Will Ospreay & Kenny Omega vs Konosuke Takeshita & Kyle Fletcher
(5 / 5)
Match che inizia con il pubblico che canta “THIS IS AWESOME” prima ancora del suono della campana. Ospreay e Fletcher aprono le danze con scambi veloci, con Fletcher che ottiene inizialmente il vantaggio con delle shoulder tackles. La Don Callis Family effettua rapidi cambi mantenendo Ospreay isolato. La svolta arriva quando Omega entra e accende il pubblico, ma Takeshita interrompe la sua Terminator pose. I Golden Bruvs rispondono con un doppio Terminator dive all’esterno. Takeshita mostra la sua potenza con un doppio German Suplex su entrambi gli avversari. Serie incredibile di near fall dopo mosse finali: Hidden Blade, V-Trigger, doppi Tombstone da parte di Takeshita e Fletcher, fino al finale dove Omega e Ospreay combinano One-Winged Angel e Hidden Blade per la vittoria.
Vincitori: Kenny Omega & Will Ospreay
Mercedes Mone (c) vs Harley Cameron – TBS Championship Match
(3,5 / 5)
La Mone parte dominante con un headlock e uno scoop slam, ma la Cameron risponde con una side Russian Leg Sweep ottenendo un near fall. Momento chiave quando la Cameron introduce “Puppet Mone”, una bambola che usa per provocare la campionessa. La Mone risponde con una serie di Three Amigos. La sfidante sorprende tutti con un Australian Destroyer per un clamoroso near fall. Serie di roll-up della Cameron che mantiene il match equilibrato. Nel finale, dopo che la Cameron manca una Swanton Bomb dall’alto, la Mone chiude con la Mone Maker per il pinfall.
Vincitrice: Mercedes Mone
Post match: La Mone si avvicina a Momo Watanabe a bordo ring e le sbatte provocatoriamente una delle sue cinture in faccia.

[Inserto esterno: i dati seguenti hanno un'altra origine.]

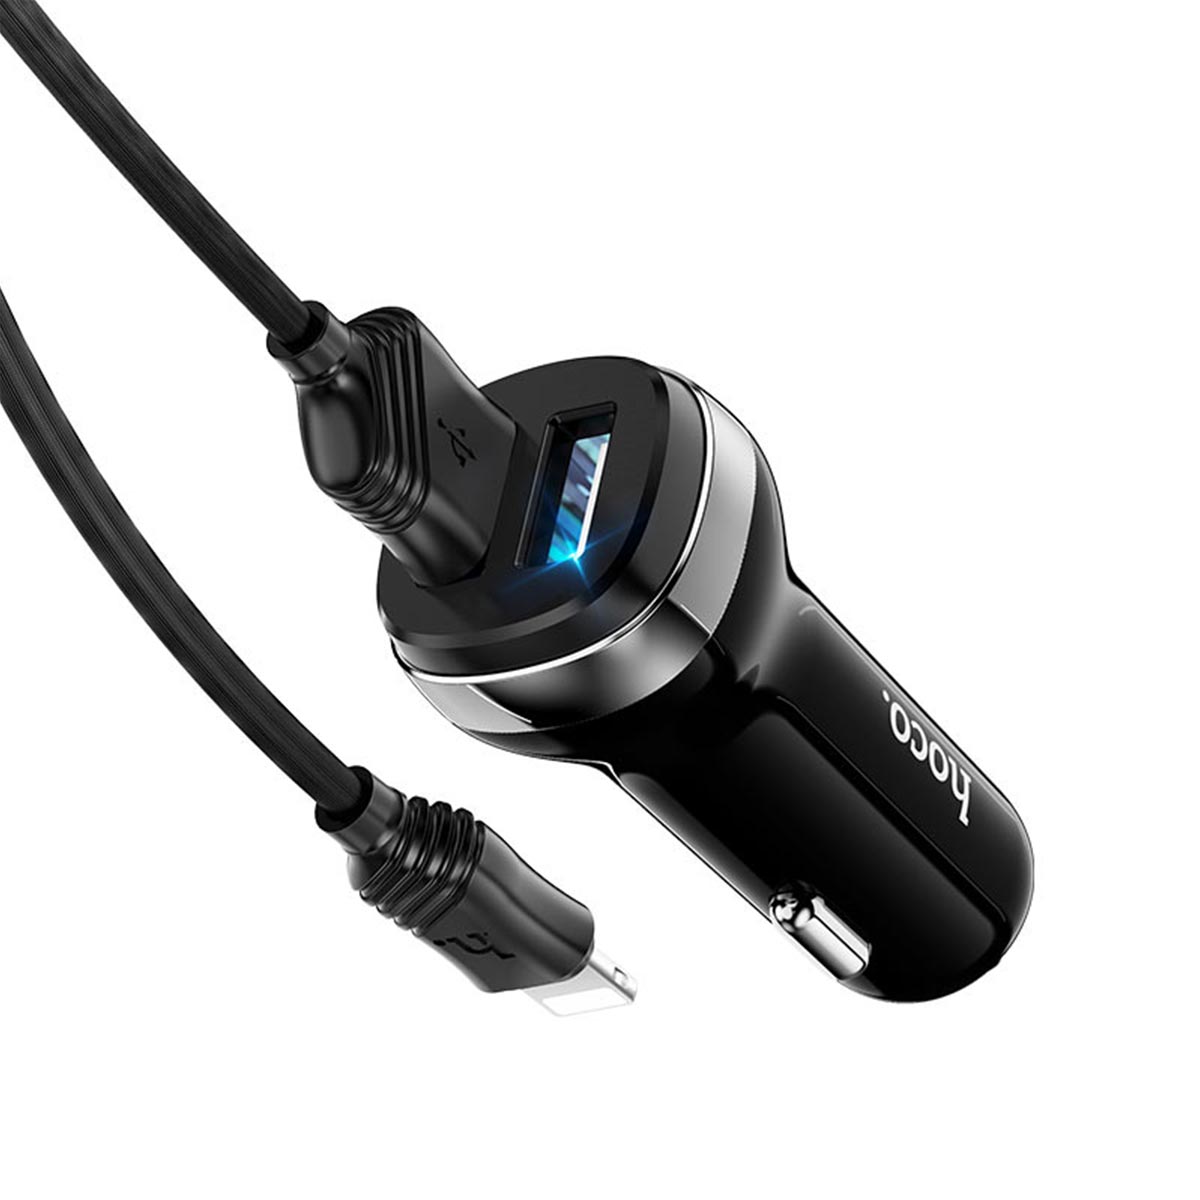 АЗУ (автомобильное зарядное устройство) HOCO Z40 Superior, 2 USB порта, кабель APPLE Lightning 8-pin, 1 метр, цвет черный

BACKSTAGE: Kenny Omega lancia una sfida a Konosuke Takeshita mettendo in palio l’International Championship a Revolution. Will Ospreay prende la parola e sfida Kyle Fletcher a un Steel Cage Match sempre a Revolution.
Jon Moxley & Claudio Castagnoli vs Adam Copeland & Jay White – Brisbane Brawl
(3,5 / 5)
Inizio esplosivo con Copeland e White che attaccano i Death Riders durante l’ingresso. La battaglia si sposta immediatamente nel pubblico, con Copeland che esegue un tuffo spettacolare da un balcone su Castagnoli. White prepara un tavolo ma viene distratto da Marina Shafir. Yuta interferisce colpendo White con una cintura. Copeland reagisce con una Spear su Castagnoli attraverso un tavolo nell’angolo e poi su Moxley. Momento cruciale quando Copeland prende una sedia con filo spinato, ma Yuta gliela sottrae. Marna Shafir colpisce Copeland con una valigetta, permettendo a Moxley di applicare la Bulldog Choke per la vittoria per sottomissione.
Vincitori: Jon Moxley & Claudio Castagnoli
Post match: Moxley mantiene la presa anche dopo la fine del match mentre il pubblico fischia.
Kazuchika Okada (c) vs Buddy Matthews – Continental Championship
(4 / 5)
Inizio psicologico con Matthews che offre la mano e Okada che risponde con il dito medio. Serie di scambi tecnici con Matthews che ottiene vantaggi con un kitchen sink e un knee drop. Okada tenta di abbandonare il match ma Matthews lo provoca chiamandolo “wanker”. Il campione torna sul ring e il match si intensifica. Matthews esegue una Meteora dalla terza corda e più tardi un impressionante sequenza superplex-Jackhammer per un near fall drammatico. Nel finale, Okada usa l’arbitro come scudo per un low blow su Matthews, seguito dalla Rainmaker per la vittoria.
Vincitore: Kazuchika Okada
Mariah May (c) vs Toni Storm – AEW Women’s Championship
(5 / 5)
Match che inizia con una intensa fase di striking. La Storm domina inizialmente con una serie di sei German Suplex consecutivi. La May risponde con un May Day sul pavimento esterno. Serie di hip attack dalla Storm seguiti da uno Storm Zero che ottiene solo un near fall. La May risponde con due May Day consecutivi ma anche questi non bastano. Sequenza finale al cardiopalma dove la May tenta una mossa dalla terza corda, bacia la Storm, ma questa contrasta con un powerbomb. La May esegue uno Storm Zero ma la Storm riesce a rovesciare un tentativo finale in un roll-up vincente.
Vincitrice: Toni Storm
La Storm celebra la vittoria, diventando la prima quattro volte campionessa femminile della AEW.